In his first defense of the championship, Kaplan met Babe Herman in Waterbury, Connecticut on August 27. Herman was at first ecstatic to get the chance. Gradually though, Babe's excitement dimmed. The ring was 12 by 12 feet, the perfect size for the shorter infighting champion and not exactly legal for a championship fight. The Connecticut Boxing commissioner, who happened to be a friend of Kaplan's, disagreed with the scale at the weigh-in and announced that his neighbor "weighs exactly 126 pounds!" The scale futilely argued for a higher number. Nevertheless, the fight went on and Kid came out flat. In the eighth he broke a finger on his right hand and couldn't punch with it anymore. It looked as if Kid's moment in the sun was done, but then the fight was shockingly declared a draw, allowing Kaplan to keep the title, and frustrating Babe to no end.

Nearly four months later, Kaplan gave Babe the rematch in Madison Square Garden. This would be the last time the two men faced in the ring. By all accounts, Kid was the deserving victor in a bruising yet uninteresting fifteen round match.

In 1926, Kaplan beat Billy Petrole on points. He was knocked down in the fifth round in Baltimore against Tommy Herman, a Jewish fighter who- like the unrelated Babe- adopted his surname for the ring, but won the fight comfortably otherwise. He also traveled to Montreal and KOed the reigning Canadian featherweight and future Canadian lightweight champ, Leo Roy. On June 28, Kaplan defended the featherweight title for the third and final time when he stopped a familiar dance partner, Bobby Garcia, in the tenth round. A week later, Kaplan relinquished the title because he could no longer make weight.

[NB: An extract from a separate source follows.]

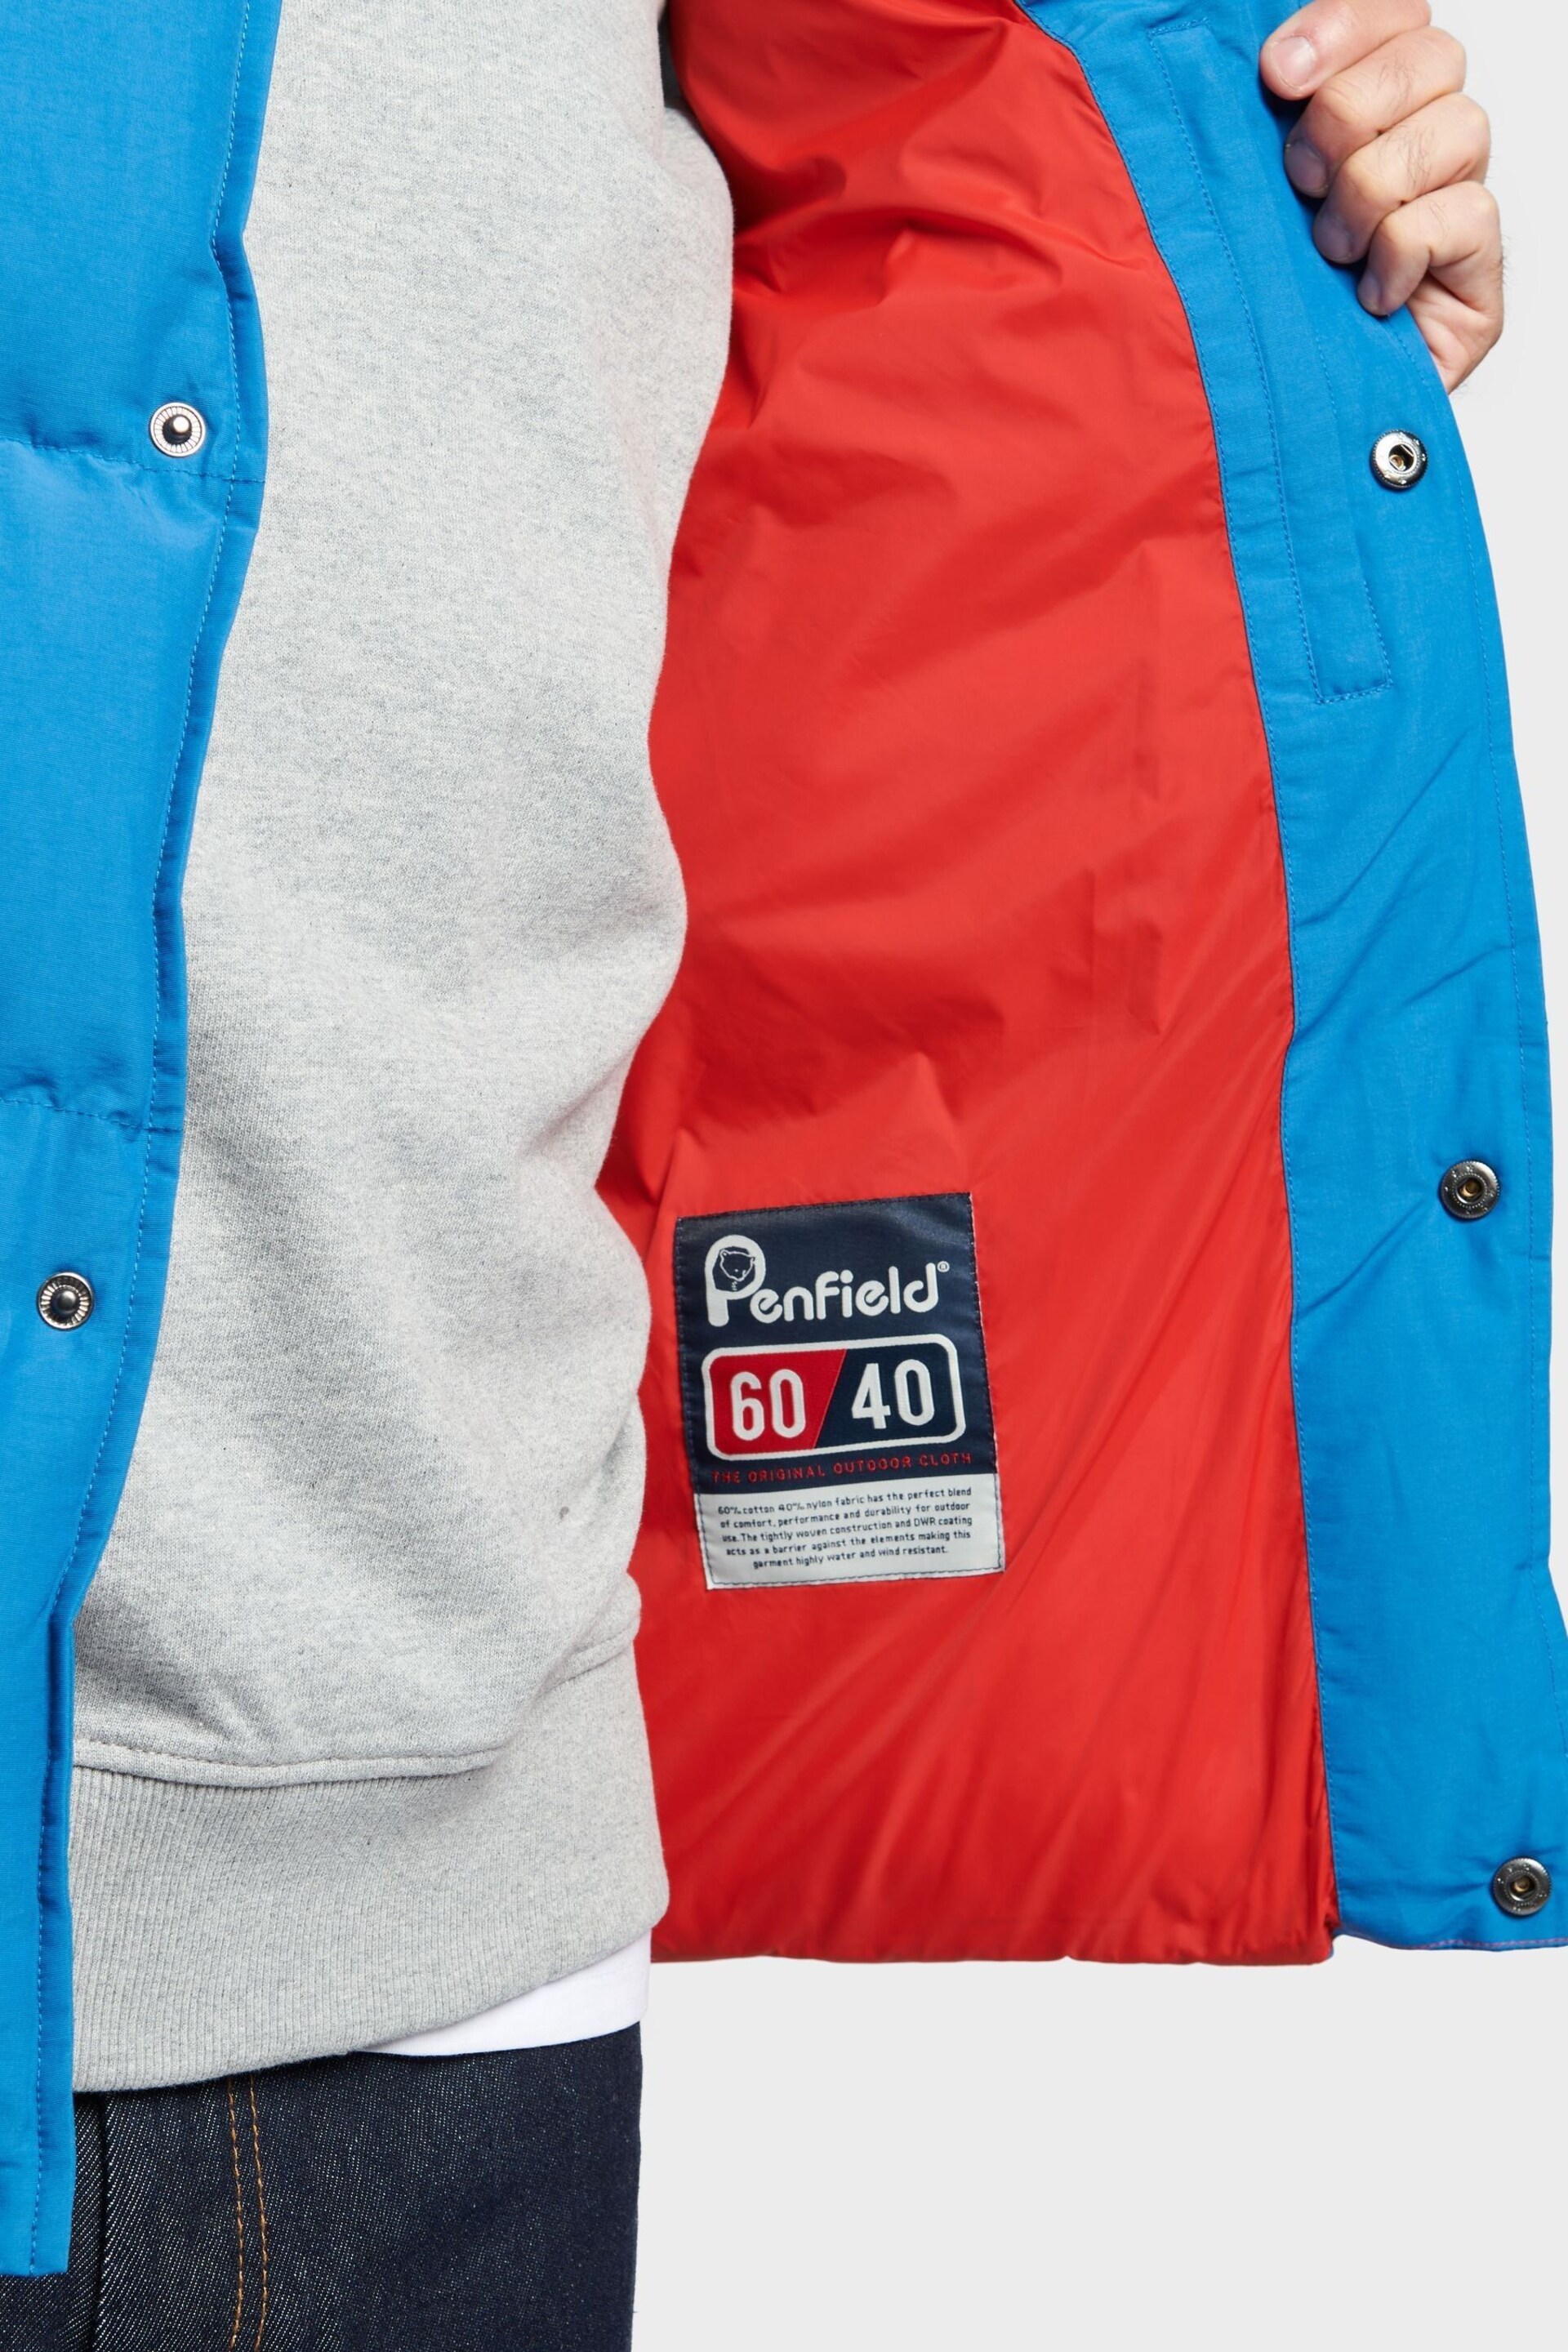 Penfield Blue Outback Gilet - Image 6 of 9

Before abandoning the belt, Kaplan was offered $50,000 by the mob to give up his title in the ring. They asked him to take a dive against a mob-controlled opponent. After all, they reasoned, he'd no longer have his crown either way. Why not make a lot of money in the process? Kaplan steadfastly refused. "Every time I fight, my friends bet plenty on me and what about their dough? I wouldn't do a thing like that for a million bucks," he allegedly declared.

Part 3

Lightweight Contender
After moving up to lightweight and decisioning Tommy Cello in back-to-back bouts, Kaplan suffered his first defeat in nearly four years. Billy Wagner, who fought out of Philadelphia, floored Louis four times in the fifth round of their December 2 fight in Cleveland. Kaplan was counted out following the fourth fall. He came back to win his next eleven fights, including a victory against a young Jackie Fields in June of '27 at the Polo Grounds. The Chicago teenager had been pro for only two and a half years when Kaplan won a slow bruising fight. Louis had been a vertically challenged featherweight; as a lightweight he was minuscule. Giving up nearly half a foot to Fields, Kaplan won with pressure and volume punching. Jackie's jab and right cross were his only weapons, but they failed to halt Kaplan's rush to smother the younger man.

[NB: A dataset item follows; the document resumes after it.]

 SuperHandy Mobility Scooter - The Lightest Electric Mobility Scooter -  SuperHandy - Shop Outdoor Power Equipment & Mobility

On October 18, 1927, Kaplan- a newly naturalized American citizen- fought another legend, the future two-division world champion, Jimmy McLarnin. Kaplan scored a flash knockdown in both the opening and second rounds and broke McLarnin's jaw, but the Canadian came back to score a knockdown in the third and another in the fifth. In the eighth round, Kaplan was put down for the ten count, his second KO loss in a twelve month span. McLarnin, who faced the likes of Barney Ross, Tommy Canzoneri, and Sammy Mandell, would later call this battle with Kaplan the hardest of his career. Two weeks later, Kid won a twelve-round decision over Mike Dundee.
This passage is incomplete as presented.